I'm close to achieve what I want thanks to Python Pandas Groupby/Append columns but still not quite there.
DF:
City | Plan | Problem 1 | Problem 2 | Problem 3 |
---|---|---|---|---|
Genoa | Service 1 | aaa | bbb | ccc |
Genoa | Service 2 | ddd | zzz | yyy |
Genoa | Service 3 | ggg | ppp | jjj |
Venice | Service 2 | lll | vvv | |
Venice | Service 3 | eee | fff | mmm |
Expected Output:
City | Problem 1 | Problem 2 | Problem 3 | Problem 4 | Problem 5 | Problem 6 | Problem 7 | Problem 8 | Problem 9 |
---|---|---|---|---|---|---|---|---|---|
Genoa | aaa | bbb | ccc | ddd | zzz | yyy | ggg | ppp | jjj |
Venice | lll | vvv | eee | fff | mmm |
Basically I want to:
- Group by City
- Discard Plan Column (if possible)
- Append all the other parameters (They still need to be always in order, so if a service is missing the cells would be empty.
After playing a while with unstack and cumcount from the linked solution, I'm still missing something to respect the order of the Plan column and fill with empty cells if a service is missing.

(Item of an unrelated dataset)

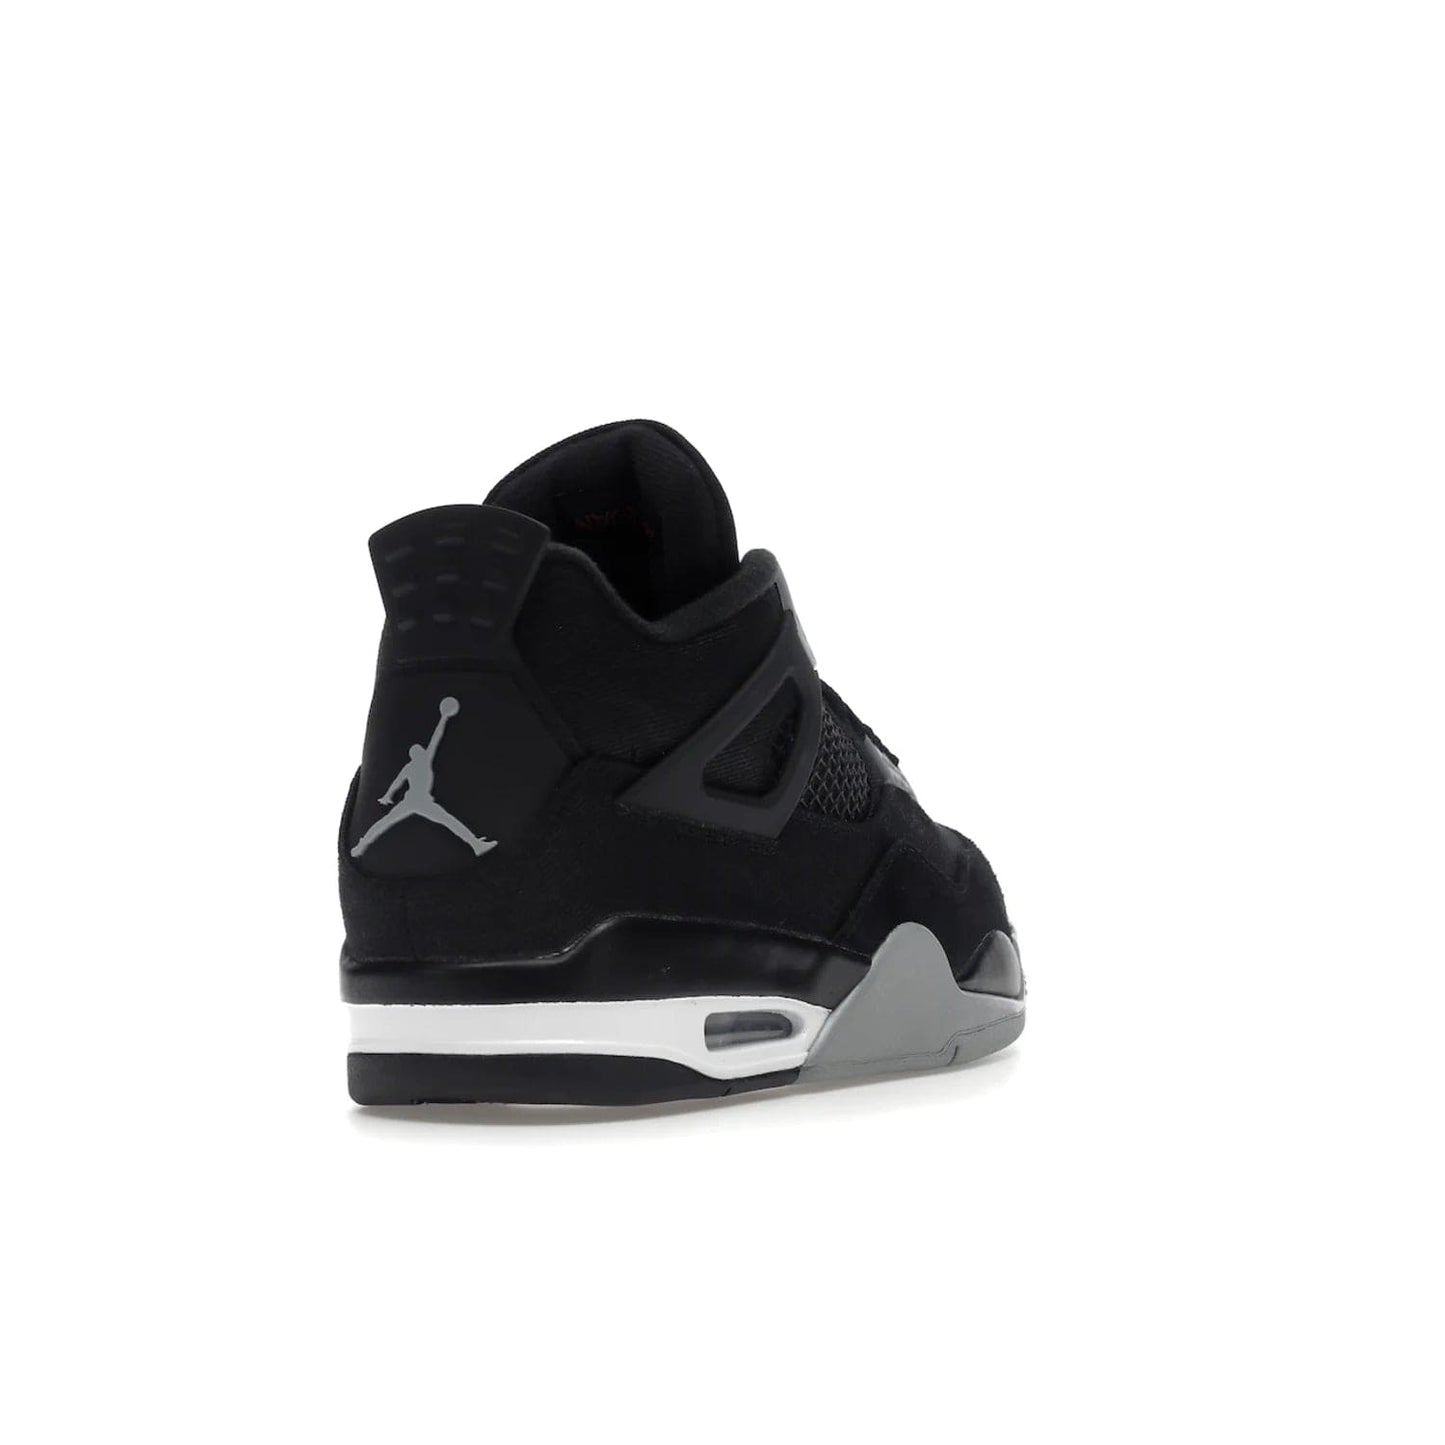 Jordan 4 Retro SE Black Canvas - Image 31 - Only at www.BallersClubKickz.com - The Air Jordan 4 Retro SE Black Canvas brings timeless style and modern luxury. Classic mid-top sneaker in black canvas and grey suede with tonal Jumpman logo, Flight logo and polyurethane midsole with visible Air-sole cushioning. Refresh your sneaker collection and rock the Air Jordan 4 Retro SE Black Canvas.

This is the code I'm using:
import pandas as pd
df = pd.read_csv('input.csv')
df1 = df.set_index('City').stack().reset_index(name='vals')
df1['g'] = 'Param' + df1.groupby('City').cumcount().add(1).astype(str)
df1 = df1.pivot(index='City', columns='g', values='vals')
df1.to_csv('output.csv')
In my tests I've removed the Plan column from the input, but the problem is that after ordering the parameters in the output, if, for example, a city has only Service 3, they are still aligned under Service 1.